• **Task item**: Could you restate the data word for word and drop the pictures?
Data excerpt Block Start
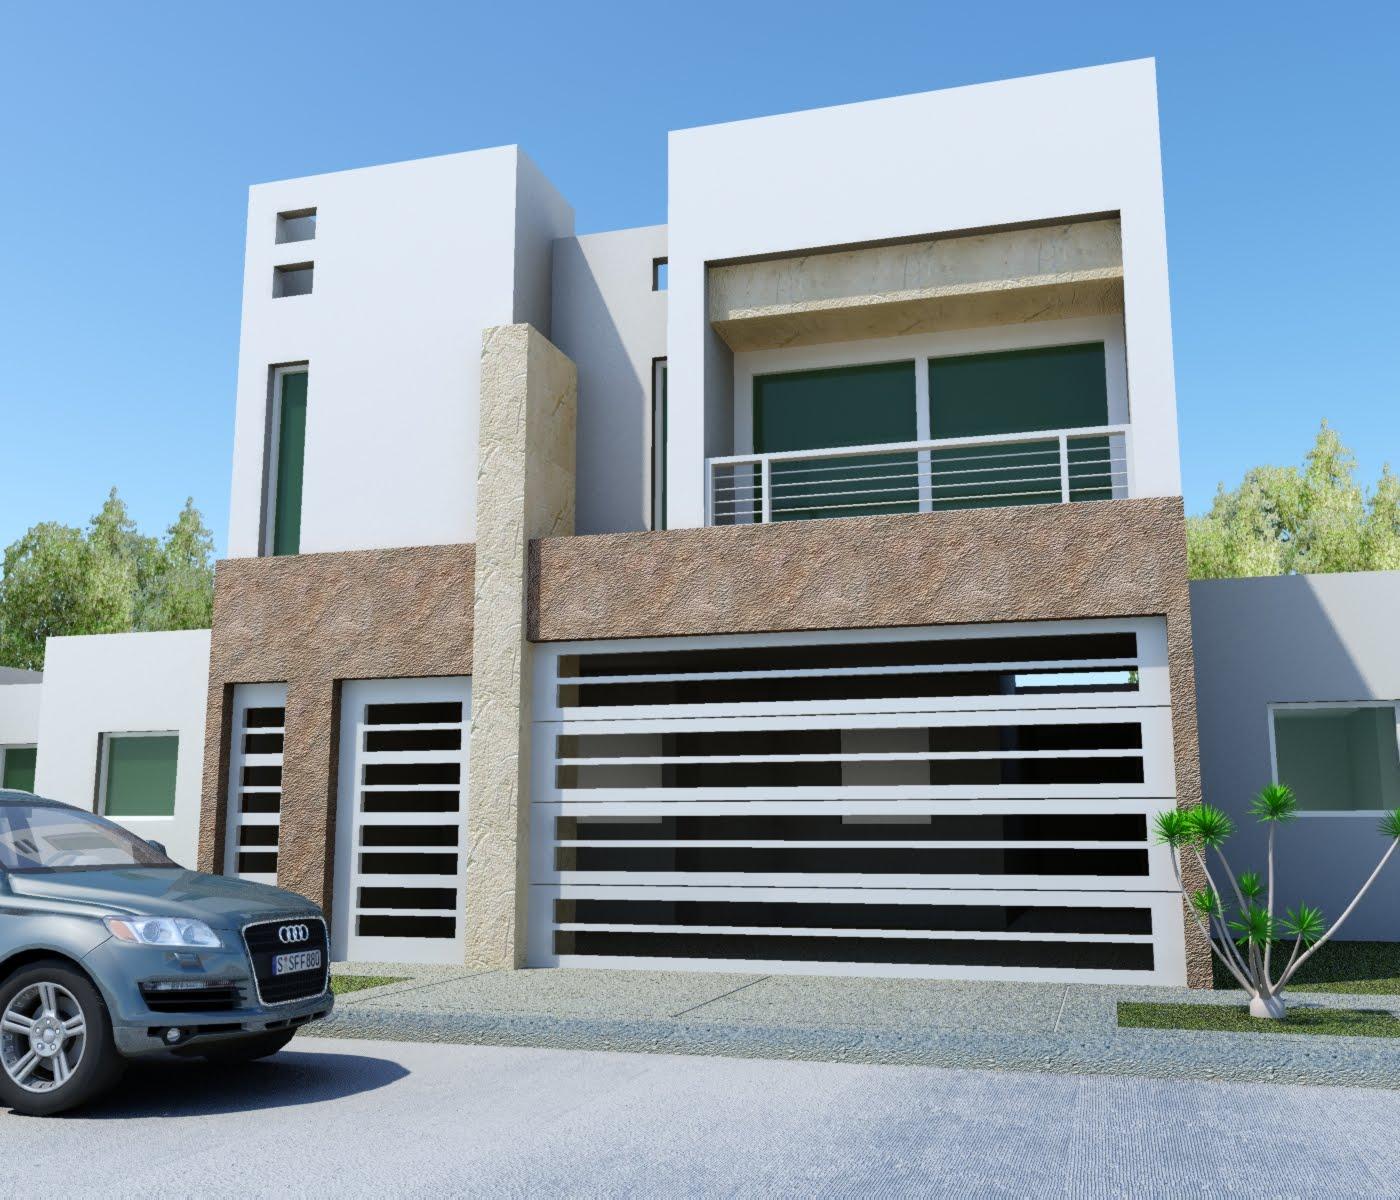 Jorge sepulveda remodelacion fracc benjamines for Remodelacion de casas
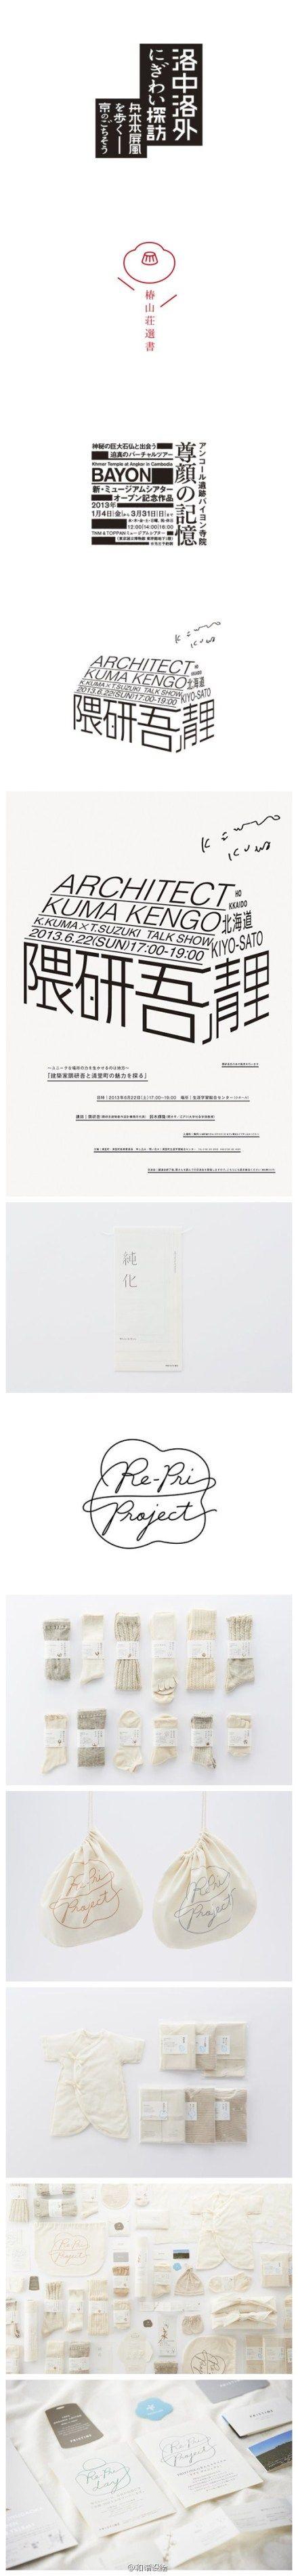 日本设计师AD+D+I大黒大悟作品
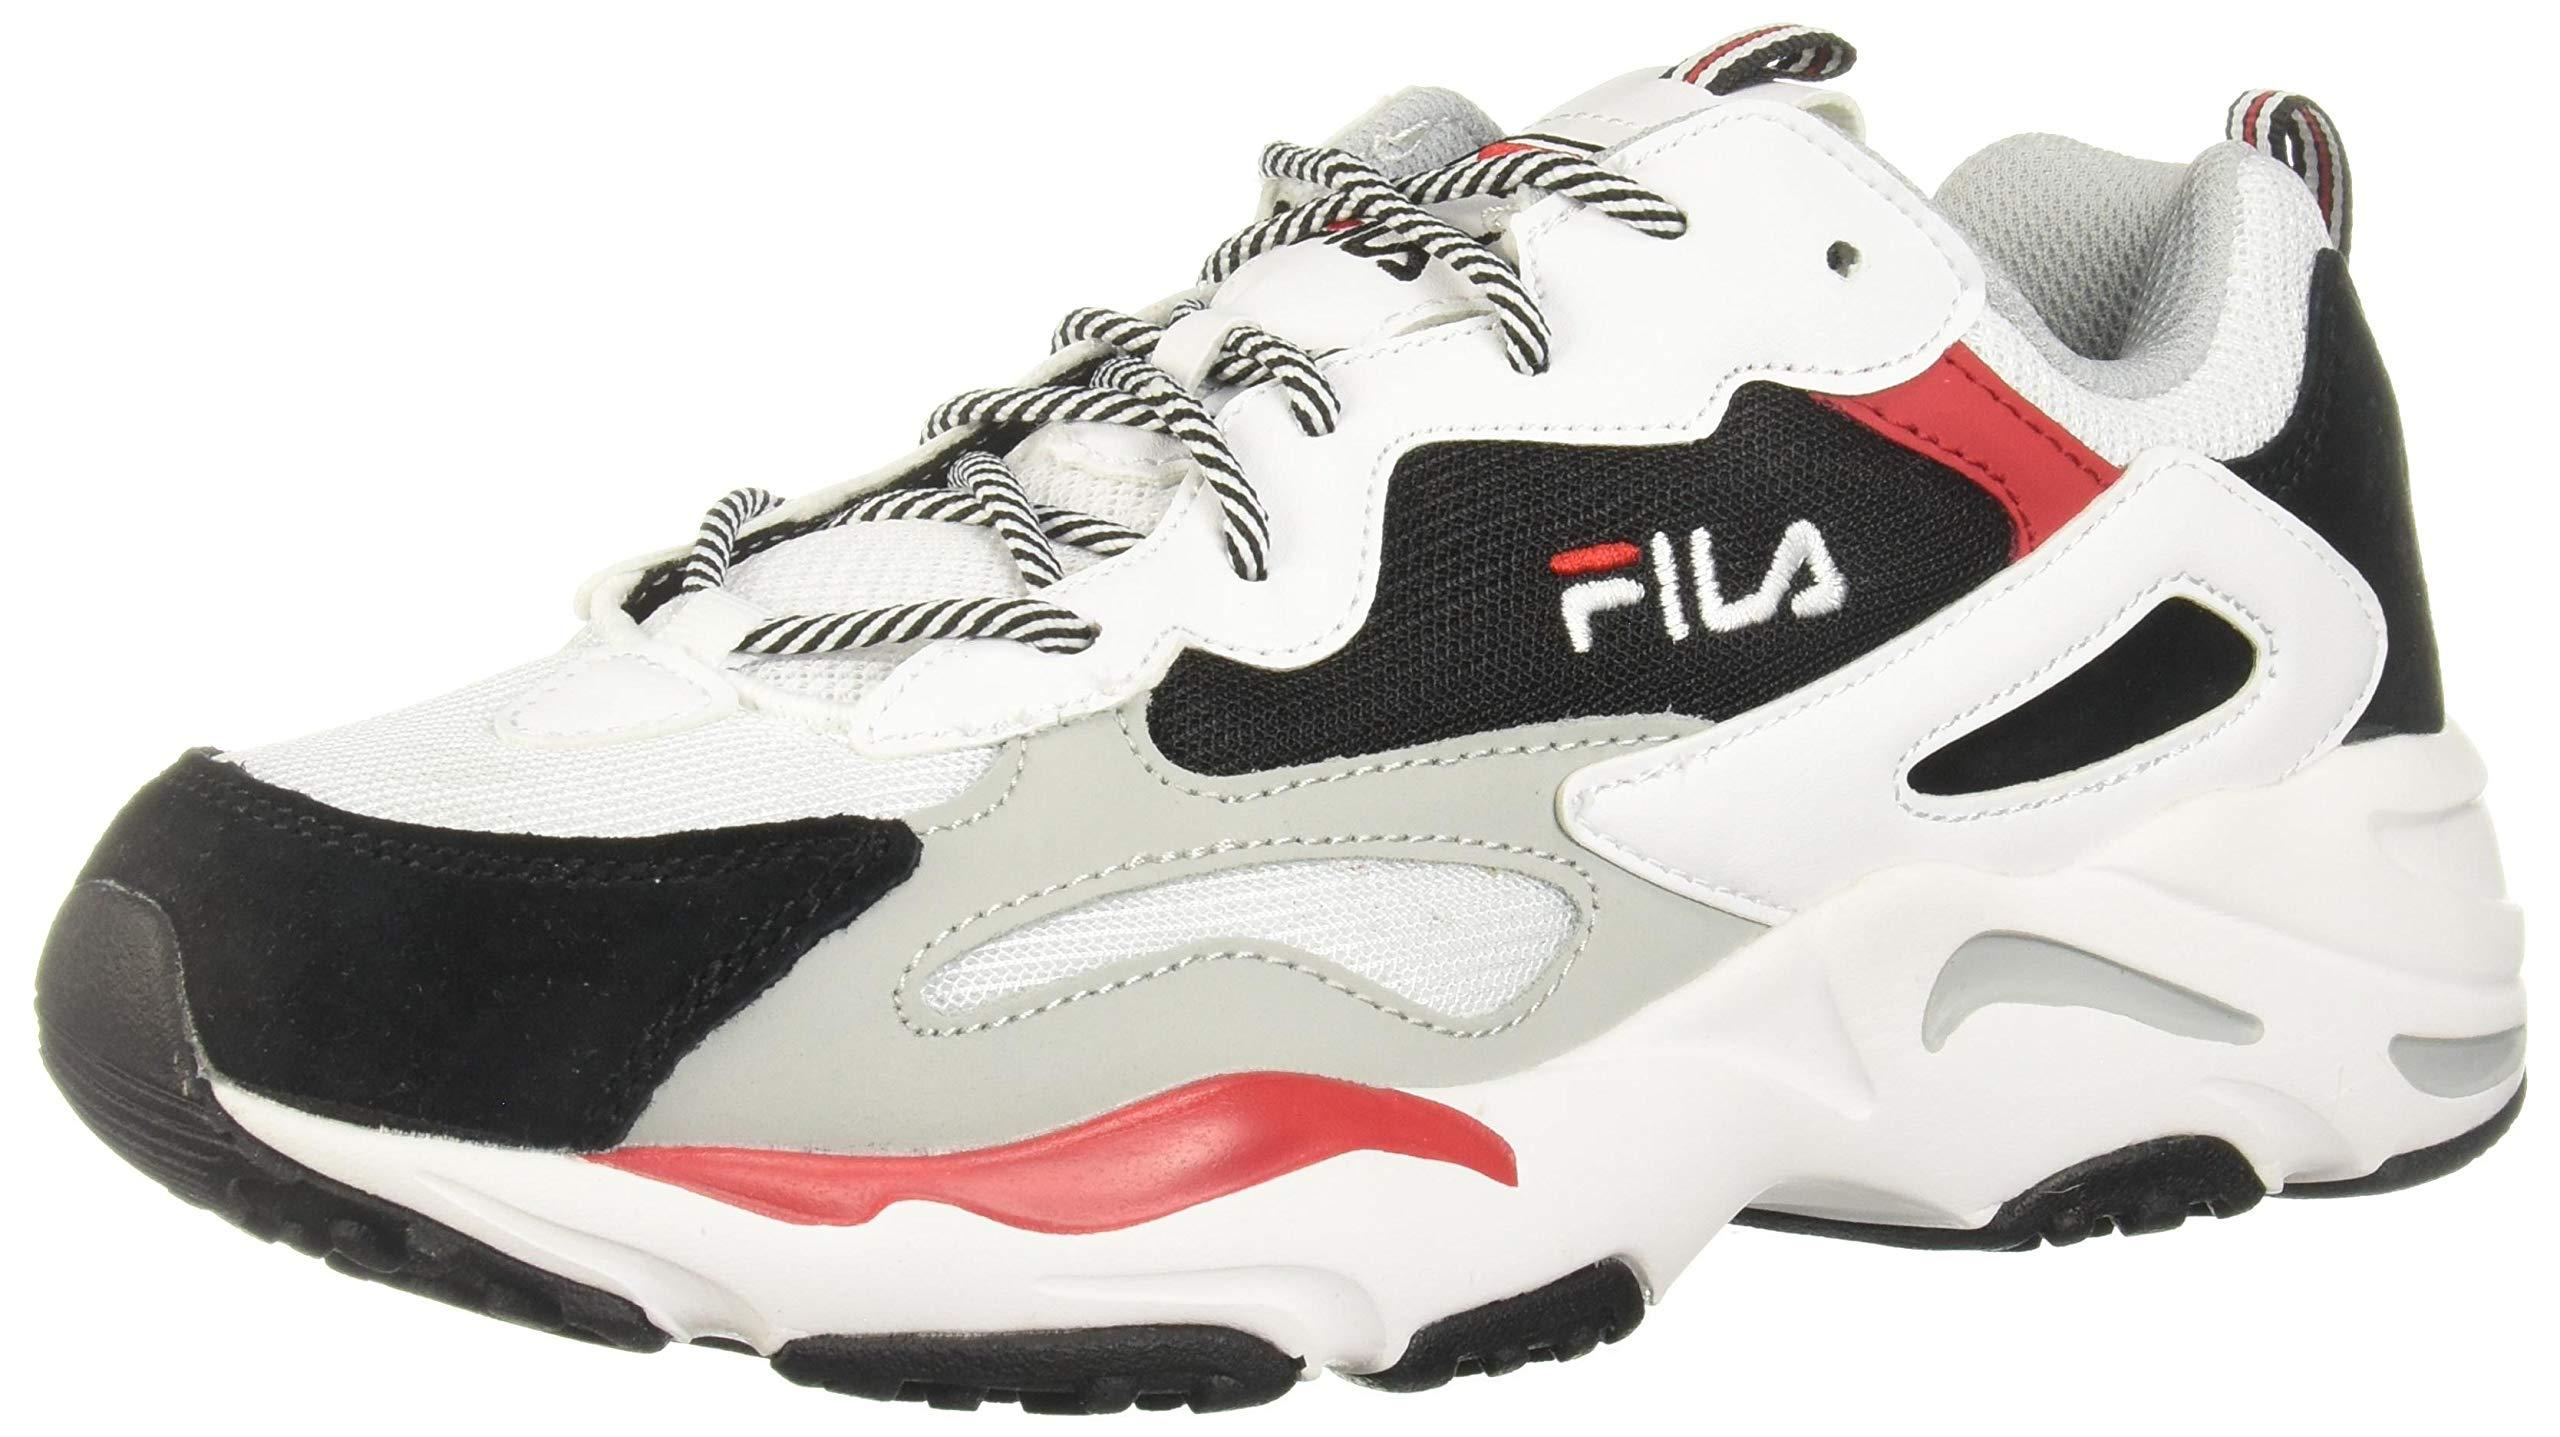 Fila Men's Ray Tracer Sneakers- Buy
Data excerpt Block End
• **Final answer**:
 Jorge sepulveda remodelacion fracc benjamines for Remodelacion de casas
 日本设计师AD+D+I大黒大悟作品
 Fila Men's Ray Tracer Sneakers- Buy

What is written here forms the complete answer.